What you have to do: In your reply, print every line of the listing exactly and omit all images.

Information provided:
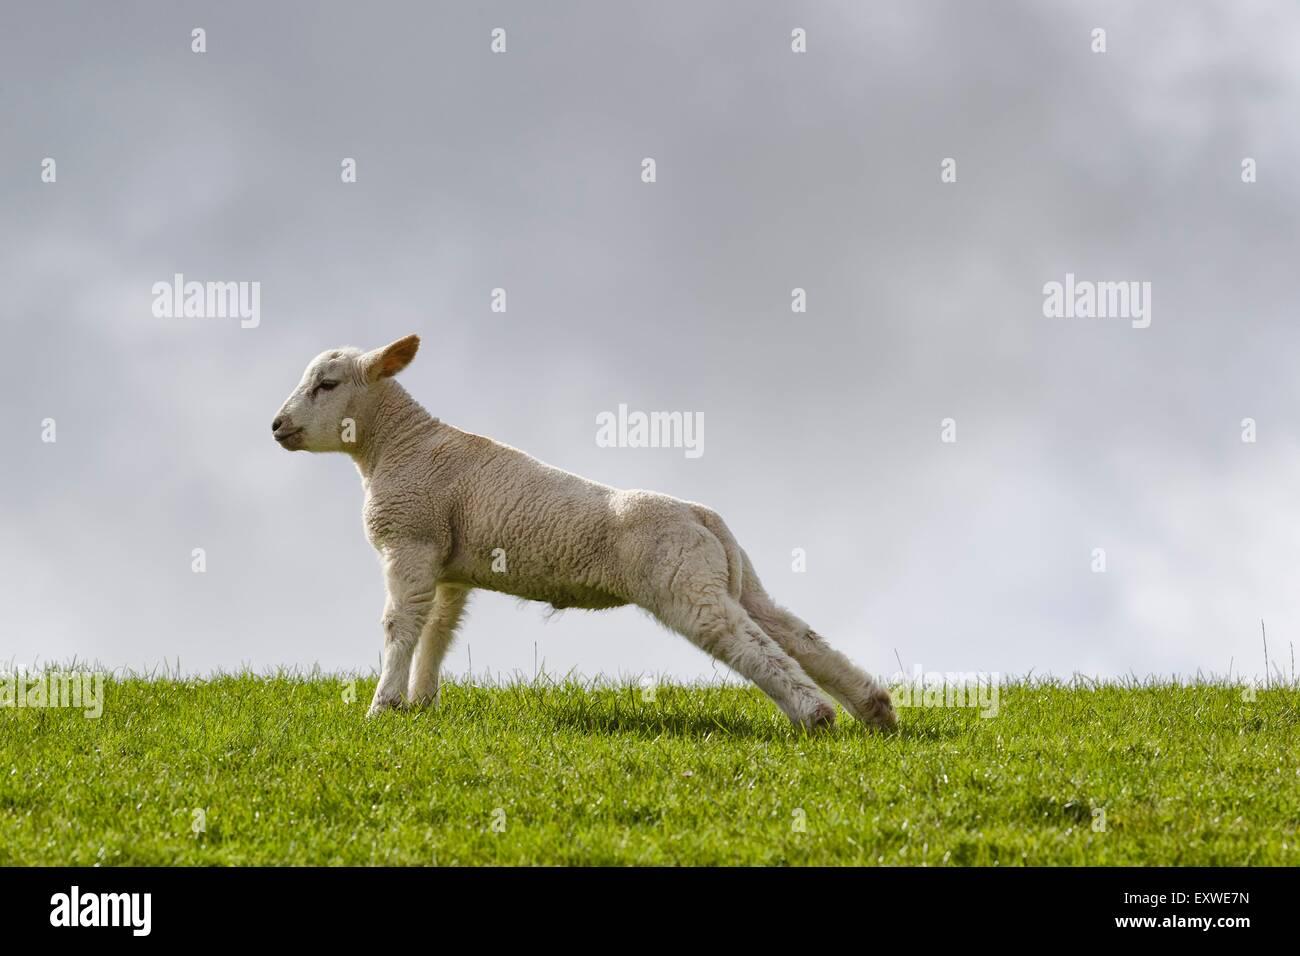 Lamb stretching on dyke Stock Photo
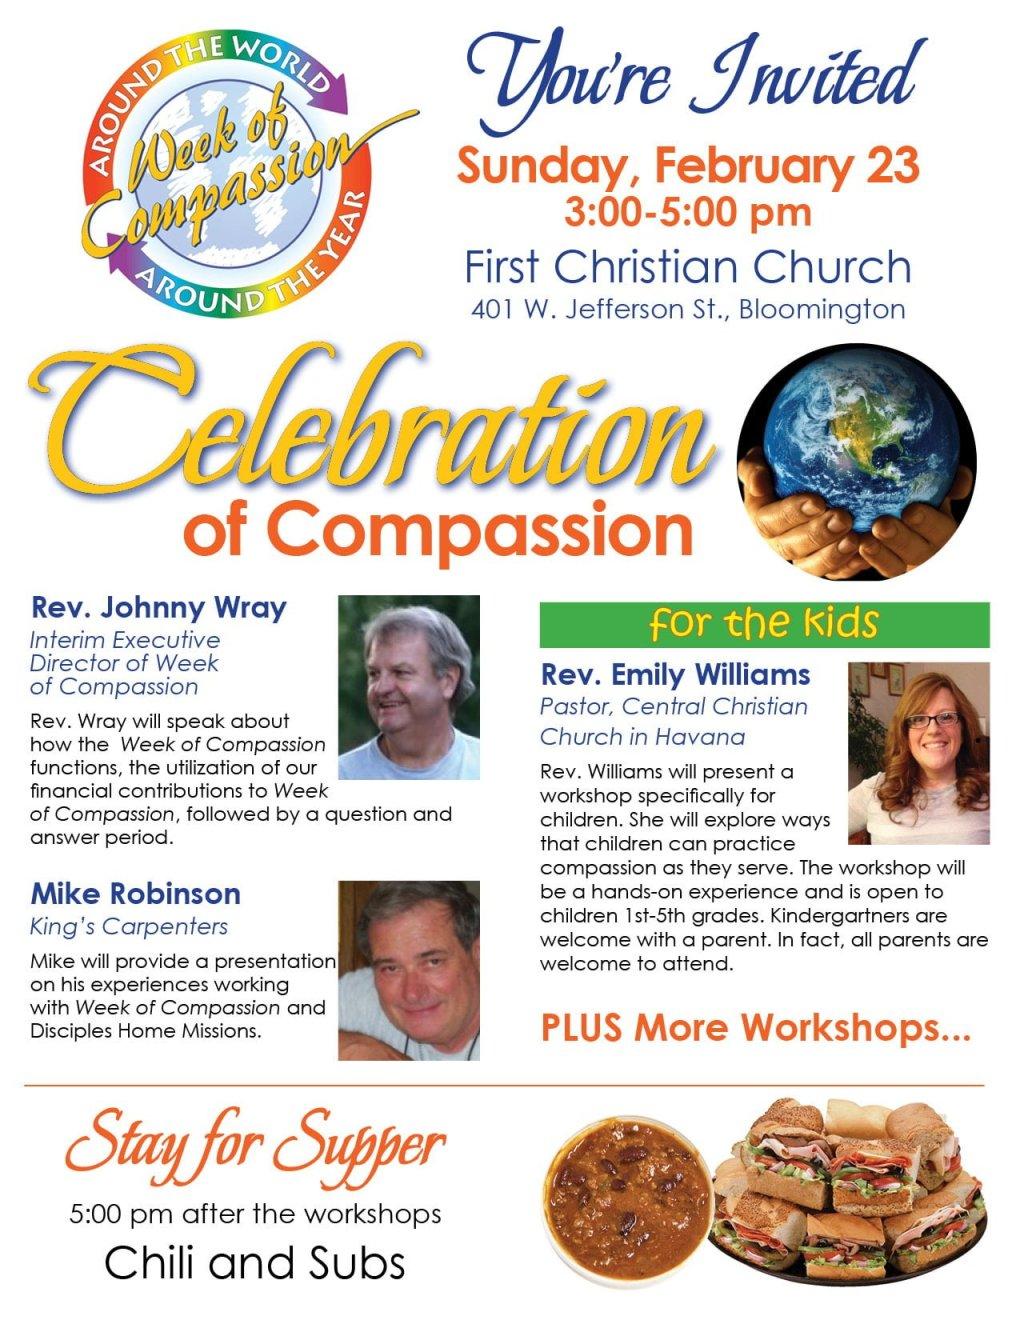 CelebrationofCompassion poster2014 (3)
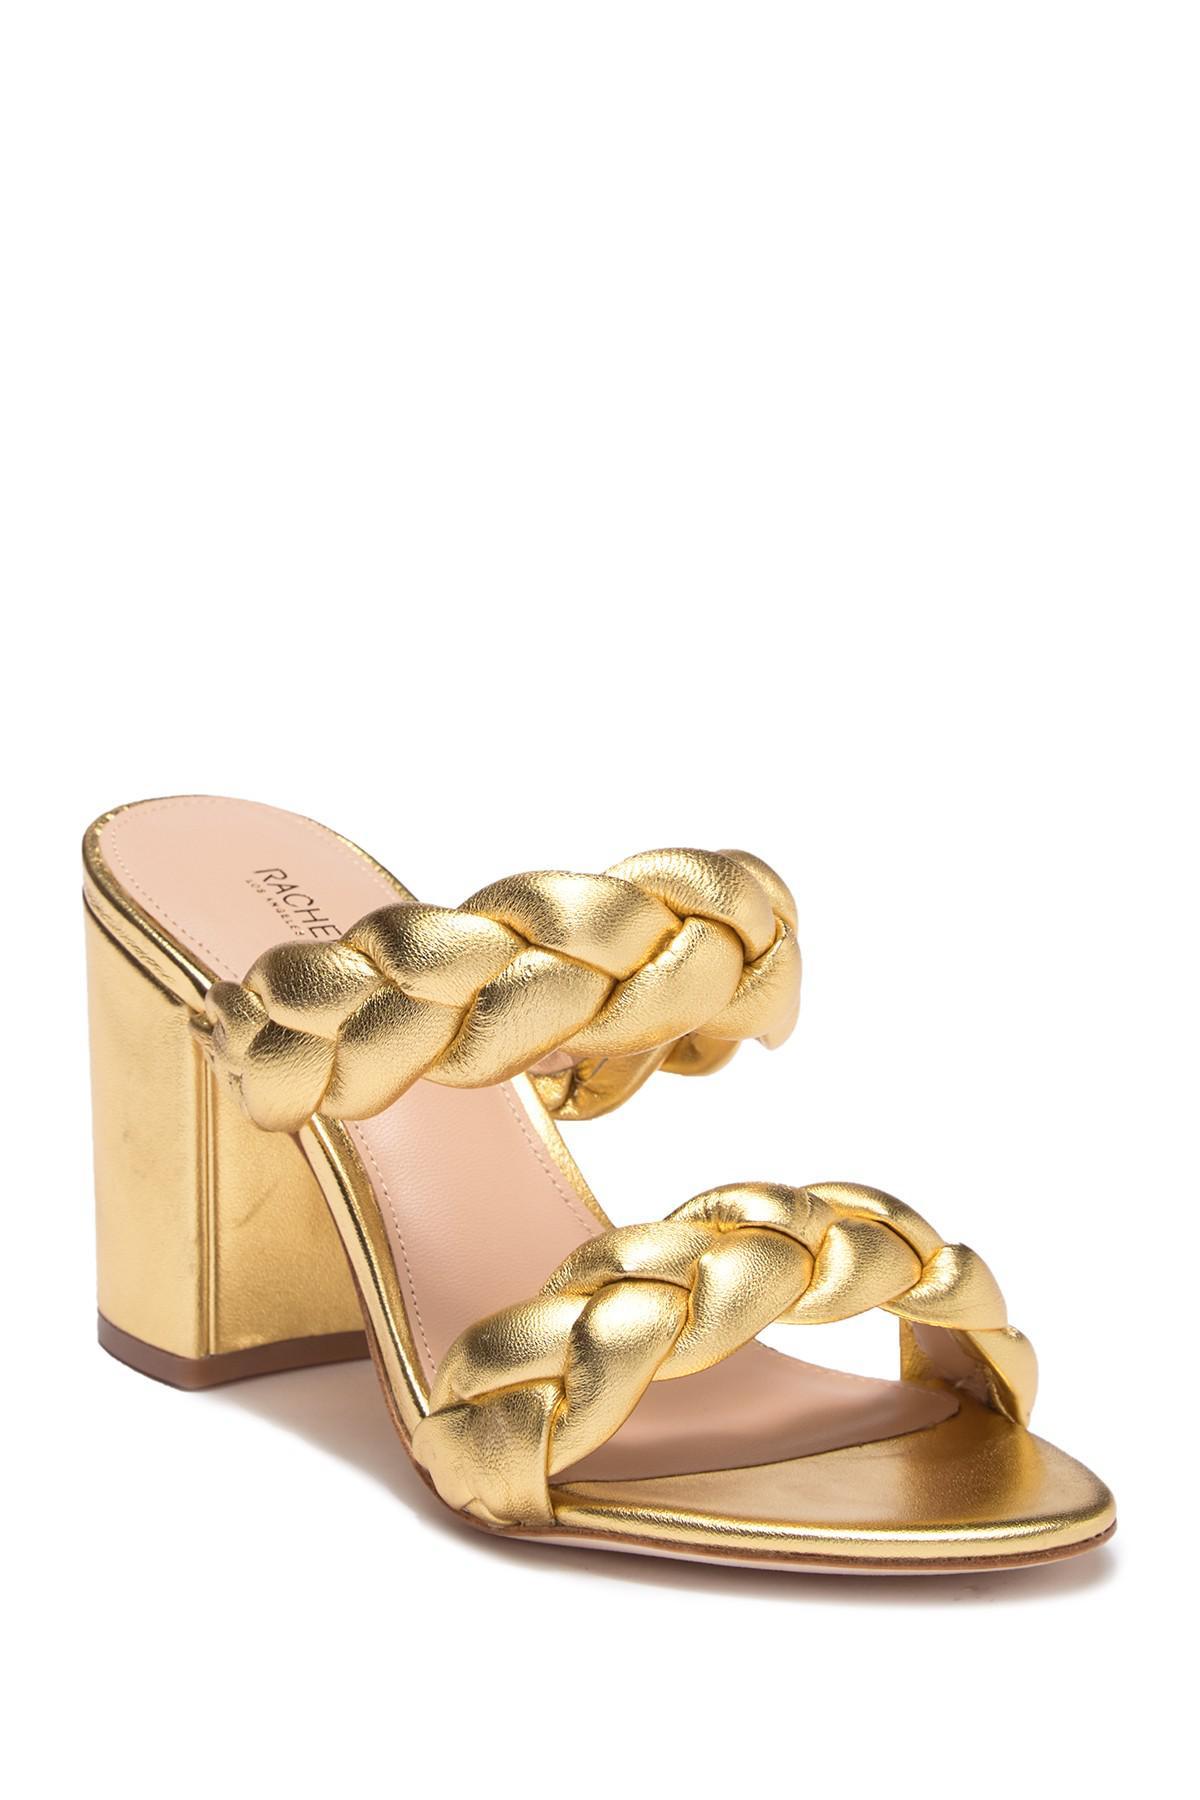 Rachel Zoe Demi Metallic Nappa Braid Sandal
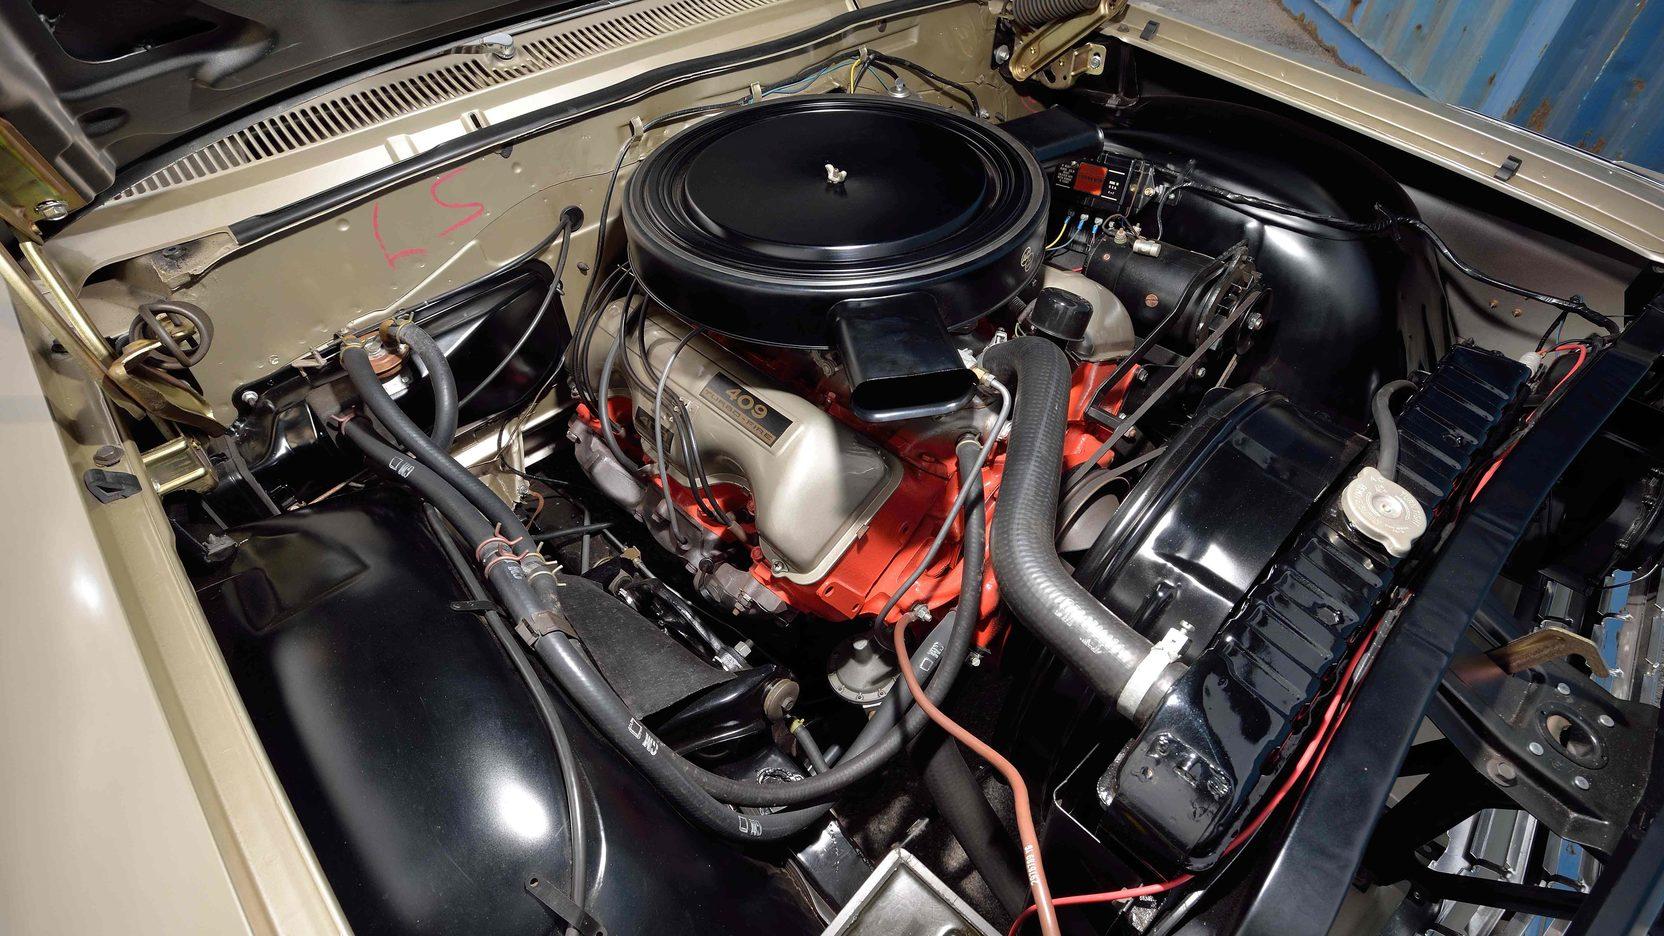 1962 Chevrolet Impala engine

Solution:
 Lamb stretching on dyke Stock Photo
 CelebrationofCompassion poster2014 (3)
 Rachel Zoe Demi Metallic Nappa Braid Sandal
 1962 Chevrolet Impala engine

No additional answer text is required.